Ukrainian artist (born 1954)

Natalia Kazymyrivna Basarab (Наталя Казимирівна Басараб; born 23 April 1954 in Ivankivtsi, Ternopil Oblast) is a Ukrainian artist.

==Biography==
Natalia Basarab was born on 23 April 1954 in Ivankivtsi, now Ternopil Hromada, Ternopil Raion, Ternopil Oblast, Ukraine.

She graduated from the decorative and artistic department of the Ternopil Cooperative College (1975); a significant role in the formation of the artist was played by the lectures of Ihor Duda. She worked as an artist-decorator in the Ternopil Central Department Store (1975–1993), an artist at the Ternopil Secondary School No. 6 (1993).

==Creativity==
To create her paintings, she uses oil paints, bird feathers, glass and silk painting, and applique; from 1999, she has been making dolls. In 2022, she painted a series of female portraits called "Ukrainian women" (20 paintings).

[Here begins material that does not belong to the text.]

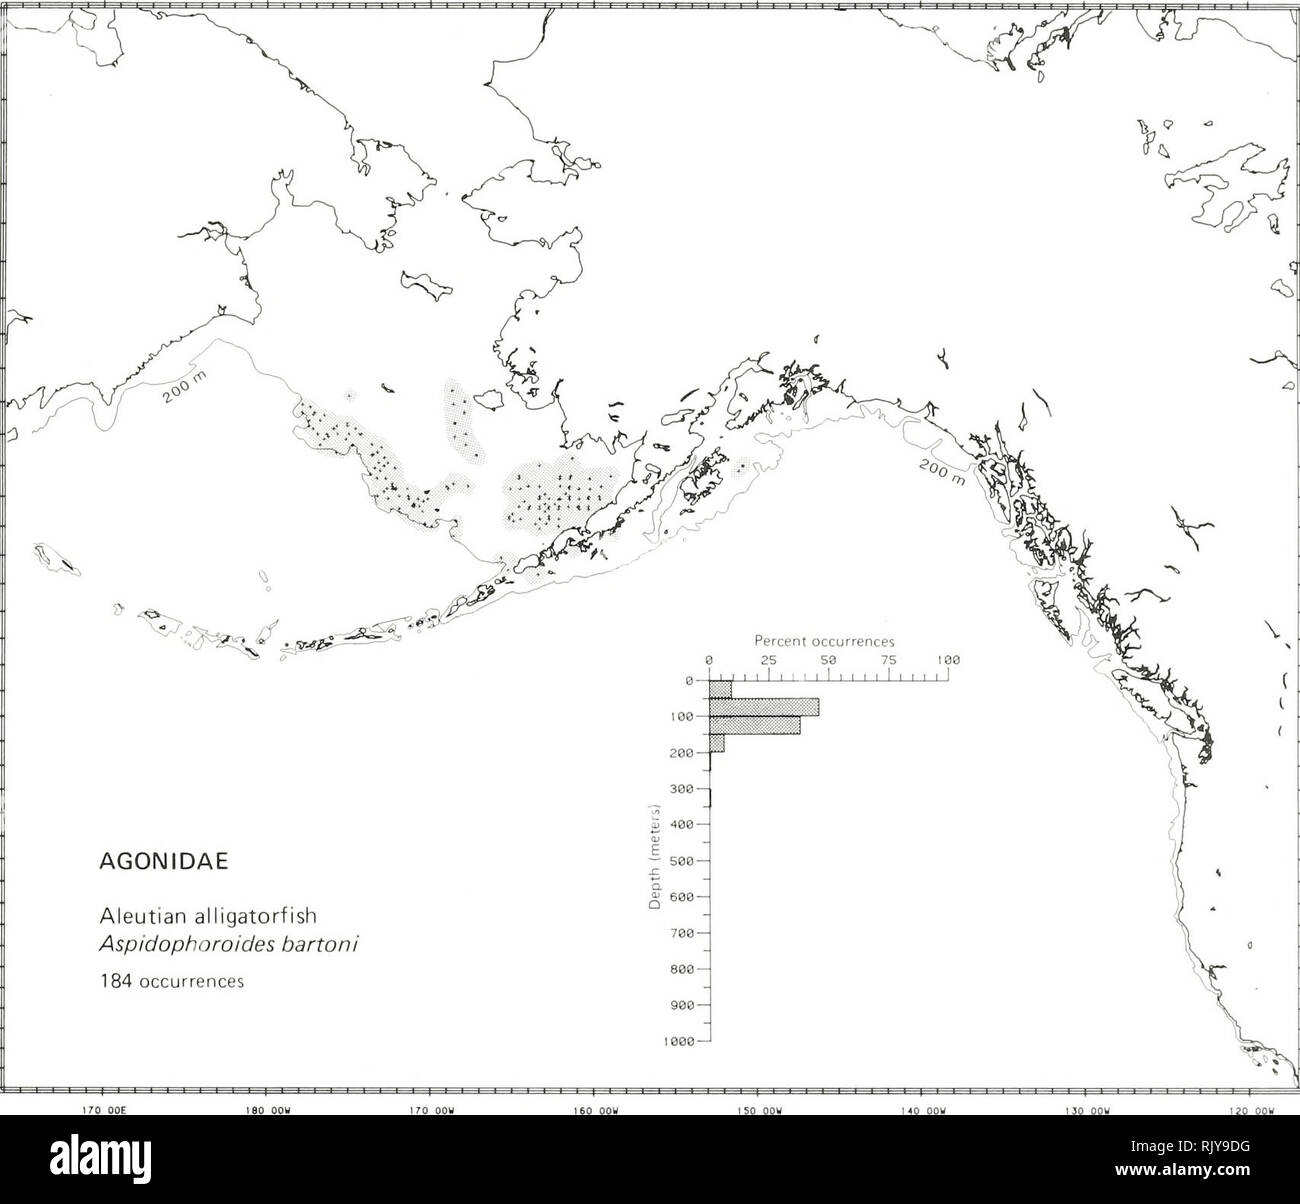 . Atlas and zoogeography of common fishes in the Bering Sea and Northeastern Pacific / M. James Allen, Gary B. Smith. Fishes Bering Sea Geographical distribution.. ALEUTIAN ALLIGATORFISH, Aspidophoroides bartoni Gilbert 1896 Agonidae: Poachers Literature Reported from the northern Sea of Japan and Sea of Okhotsk to the Arctic, south to the Gulf of Alaska, and west along the Aleutian Islands to Amchitka Island (Wilimovsky 1964; Quast and Hall 1972; Howe 1981), at depths of 22 to 223 m (Howe 1981). Survey data Found from Pervenets Canyon and Nunivak Island in the eastern Bering Sea, southeast to Stock Photo

Participant of art exhibitions from 1975; personal exhibitions in Ternopil (eight from 1994), Kyiv (1998); in France (2001, 2004) and others. In 2013, the artist opened an art salon in her studio apartment.

The works are kept in the Ternopil Regional Museum of Local Lore and Art, private collections in Ukraine, Germany, Poland, Russia, the US, and France.

==Legacy==
On the occasion of the artist's 70th birthday, a postal envelope with a postage stamp depicting the painting "Molytva" was issued.

==Sources==
- Микола Шот (2022). "Малює радість і красу"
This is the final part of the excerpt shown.